Figure 6 is a plan view for explaining a super junction semiconductor device according to an embodiment of the present invention.
7 to 10 are cross-sectional views for explaining a method of manufacturing a super junction semiconductor device according to an embodiment of the present invention.

Hereinafter, a super junction MOSFET according to an embodiment of the present invention will be described in detail with reference to the attached drawings. Since the present invention can be subject to various changes and can have various forms, specific embodiments will be illustrated in the drawings and described in detail in the text. However, this is not intended to limit the present invention to a specific disclosed form, and should be understood to include all changes, equivalents, and substitutes included in the spirit and technical scope of the present invention. While describing each drawing, similar reference numerals are used for similar components. In the attached drawings, the dimensions of the structures are enlarged from the actual size for clarity of the present invention.

Terms such as first, second, etc. may be used to describe various components, but the components should not be limited by the terms. The above terms are used only for the purpose of distinguishing one component from another. For example, a first component may be named a second component, and similarly, the second component may also be named a first component without departing from the scope of the present invention.

The terms used in this application are only used to describe specific embodiments and are not intended to limit the invention. Singular expressions include plural expressions unless the context clearly dictates otherwise. In this application, terms such as “comprise” or “have” are intended to designate the presence of features, numbers, steps, operations, components, parts, or combinations thereof described in the specification, but are not intended to indicate the presence of one or more other features. It should be understood that this does not exclude in advance the possibility of the existence or addition of elements, numbers, steps, operations, components, parts, or combinations thereof.

Unless otherwise defined, all terms used herein, including technical or scientific terms, have the same meaning as generally understood by a person of ordinary skill in the technical field to which the present invention pertains. Terms defined in commonly used dictionaries should be interpreted as having a meaning consistent with the meaning in the context of the related technology, and unless explicitly defined in the present application, should not be interpreted in an ideal or excessively formal sense. No.

1 is a plan view for explaining a super junction semiconductor device according to an embodiment of the present invention. FIG. 2 is a cross-sectional view illustrating the active region (AR) of FIG. 1. FIG. 3 is a cross-sectional view illustrating the transition region (TR) of FIG. 1. FIG. 4 is a cross-sectional view illustrating the peripheral region (PR) of FIG. 1.

1 to 4, the super junction semiconductor device 100 according to an embodiment of the present invention includes a substrate 105, an epitaxial layer 120, pillars 130, a gate pad 150, and a gate. It includes a structure 160, a source electrode 170, and a reverse recovery layer 140.

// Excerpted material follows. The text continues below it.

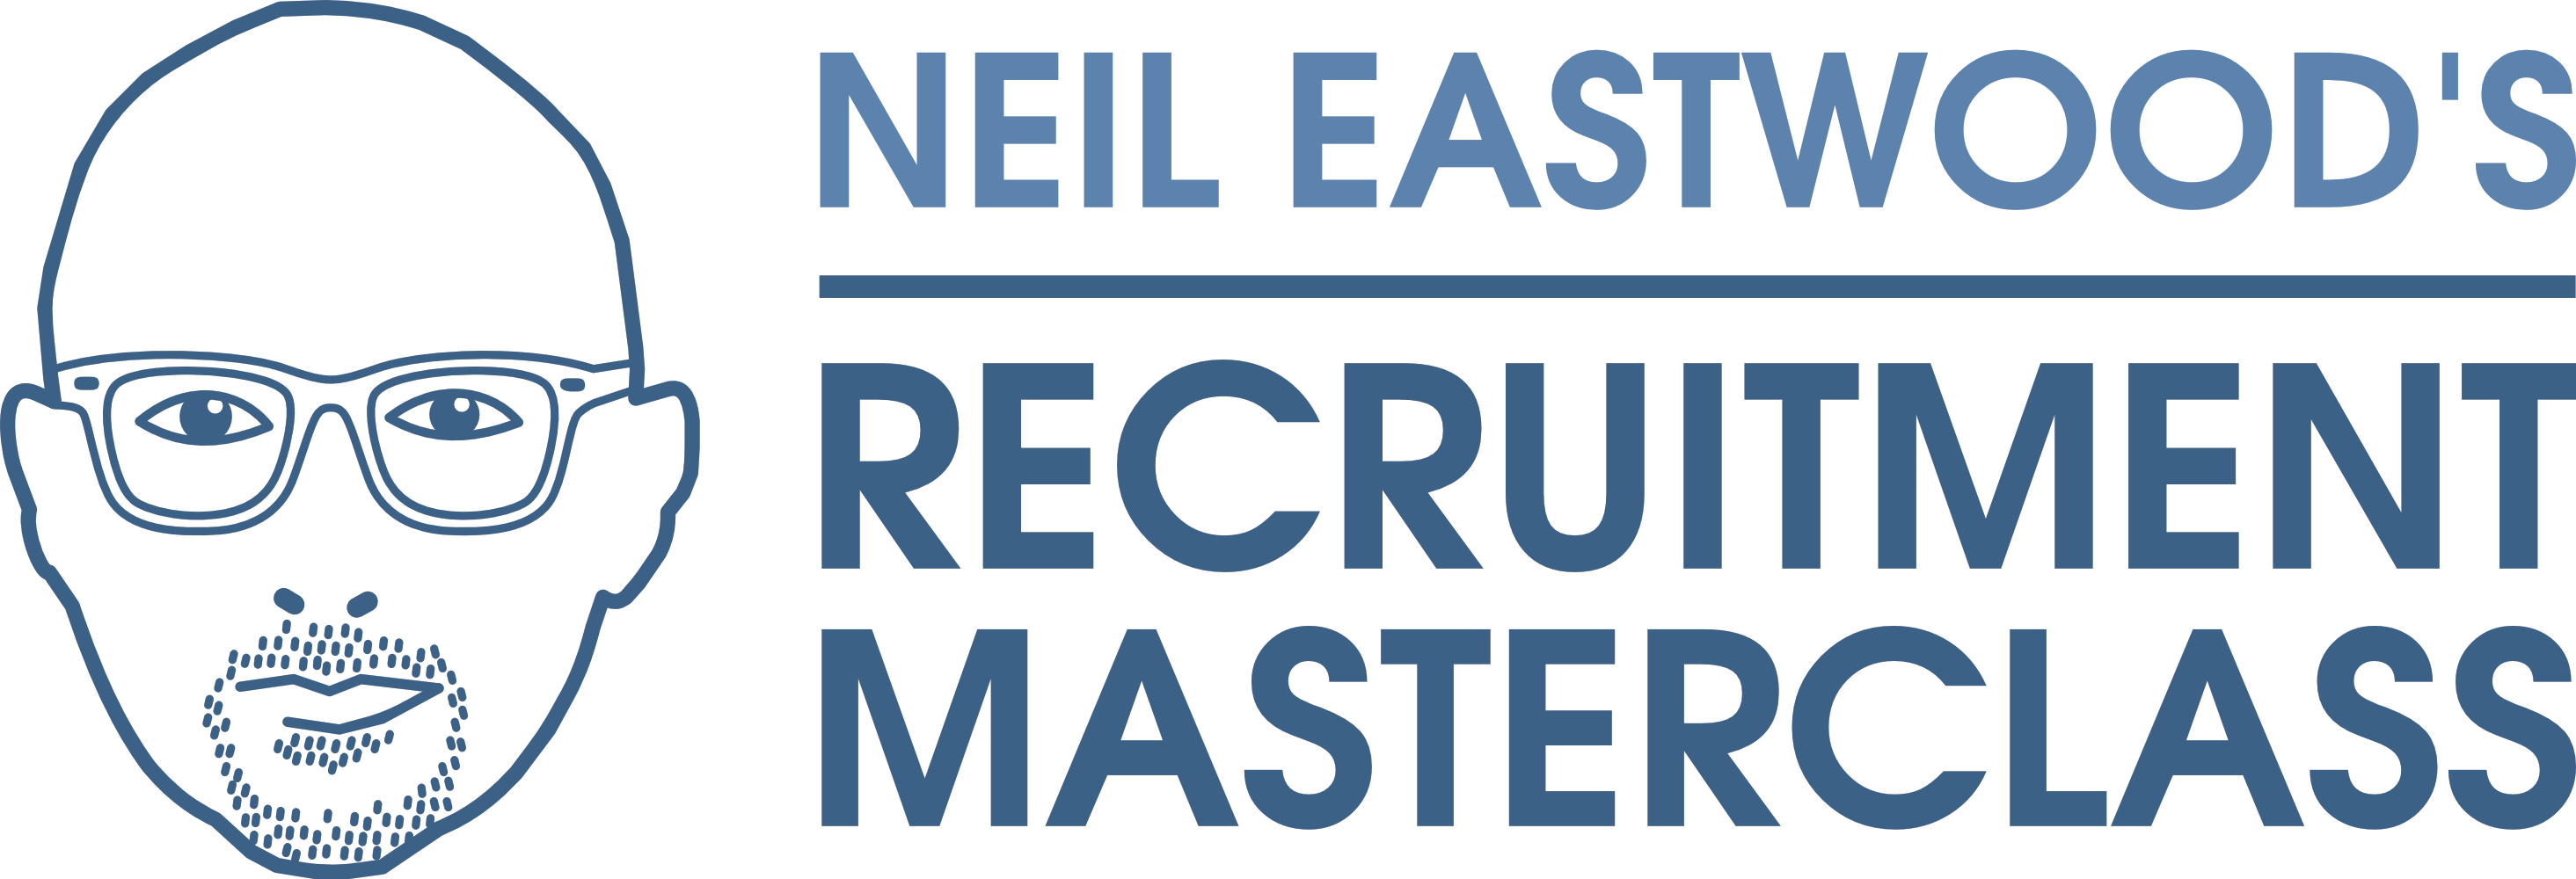 Neil Eastwood's Recruitment Masterclass
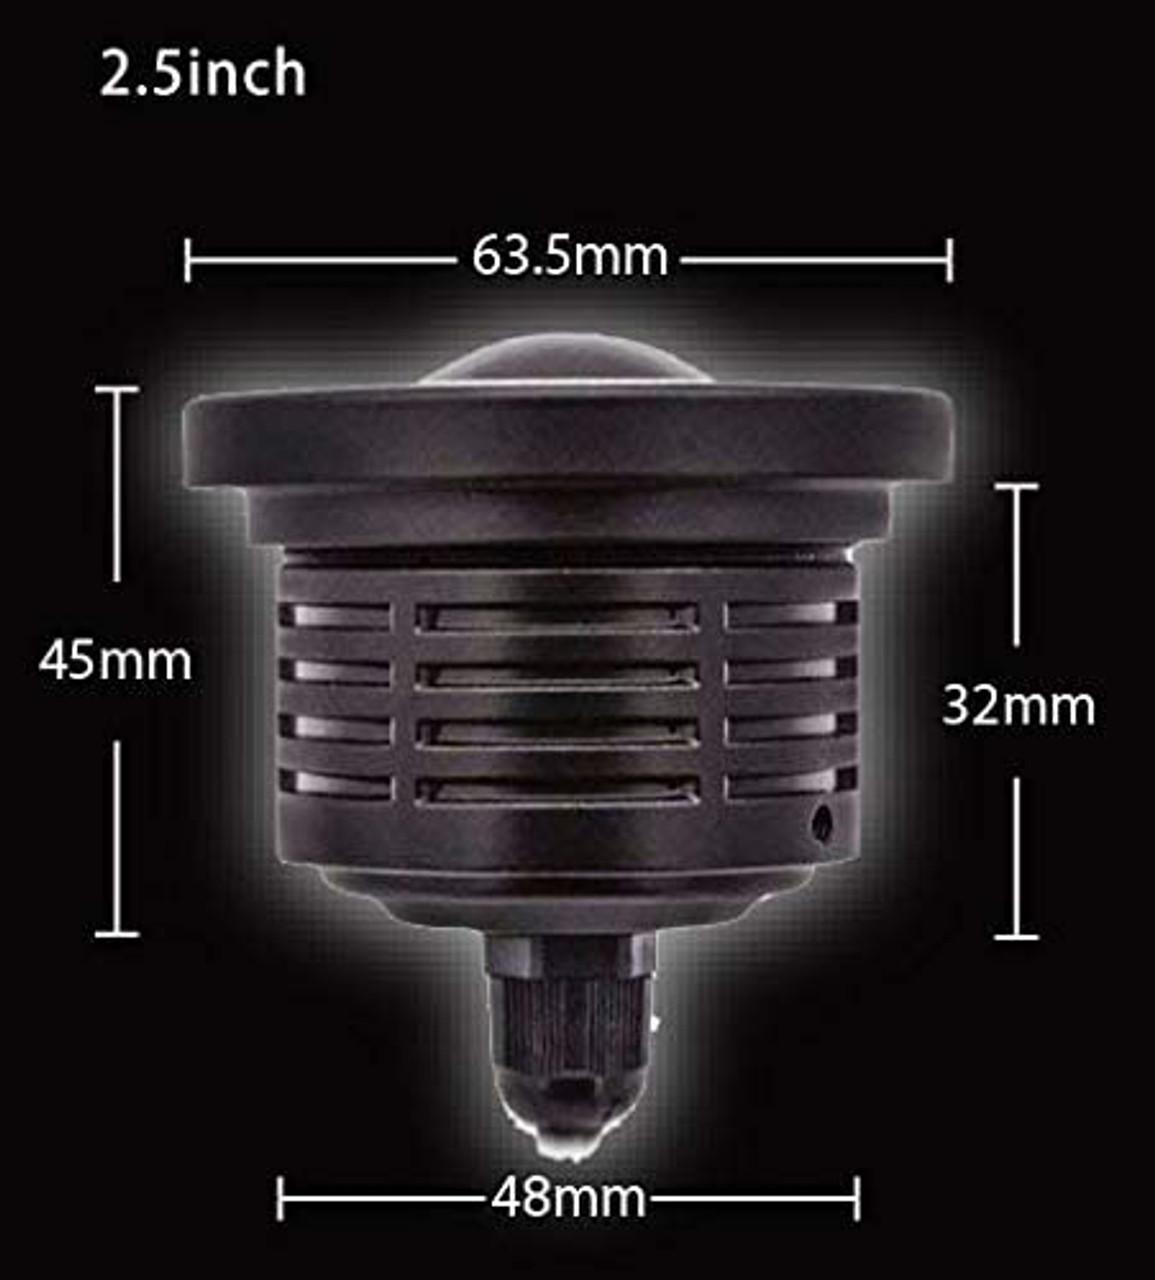 Bottom LED Halo Fog Lights for 2021 2022 2023 Chevrolet Trailblazer L LS LT ACTIV

The substrate 105 includes a silicon substrate. The substrate 105 has a first conductivity type, for example, a high concentration n+ type conductivity type.

The substrate 105 is divided into an active region (AR), a peripheral region (PR), and a transition region (TR). The active area AR is disposed in the center of a rectangular semiconductor device. A power MOSFET is formed in the active area AR. The peripheral area PR is provided to surround the active area AR. Meanwhile, the transition region (TR) is defined in a part between the active region (AR) and the peripheral region (PR).

The epitaxial layer 120 has a first conductivity type, for example, a low concentration n-type conductivity type. The epitaxial layer 120 may be formed from the substrate 105 by an epitaxial growth process. The epitaxial layer 120 is formed over the entire substrate including the active region (AR), peripheral region (PR), and transition region (TR).

The fillers 130 each extend in a vertical direction inside the epitaxial layer 120. The pillar 130 may be formed to penetrate the epitaxial layer 120 in the vertical direction. The fillers 130 may have a second conductivity type. That is, when the epitaxial layer 120 has n-type conductivity, the pillar 130 may have p-type conductivity. The pillars 130 are formed throughout the substrate 105 including the active area AR and the peripheral area PR. That is, the fillers 130 include active fillers 131 provided in the active area AR, pad fillers 132 provided in the transition area TR, and peripheral fillers provided in the peripheral area PR. It may include 133.

Additionally, the pillars 130 may be arranged alternately in the horizontal direction. That is, the pillars 130 are arranged to be spaced apart from each other in the horizontal direction. Accordingly, the fillers 130 and the epitaxial layer 130 may be arranged alternately with each other.

A P-body region 146 is provided on top of the active pillars 131. In addition, a second conductivity type high concentration region 147 is provided at the upper part of the P-body region 146. As a result, the P-body region 146 and the high concentration region 147 have relatively low resistance, thereby stably ensuring electrical connection between the active fillers 131 and the source electrode 170. .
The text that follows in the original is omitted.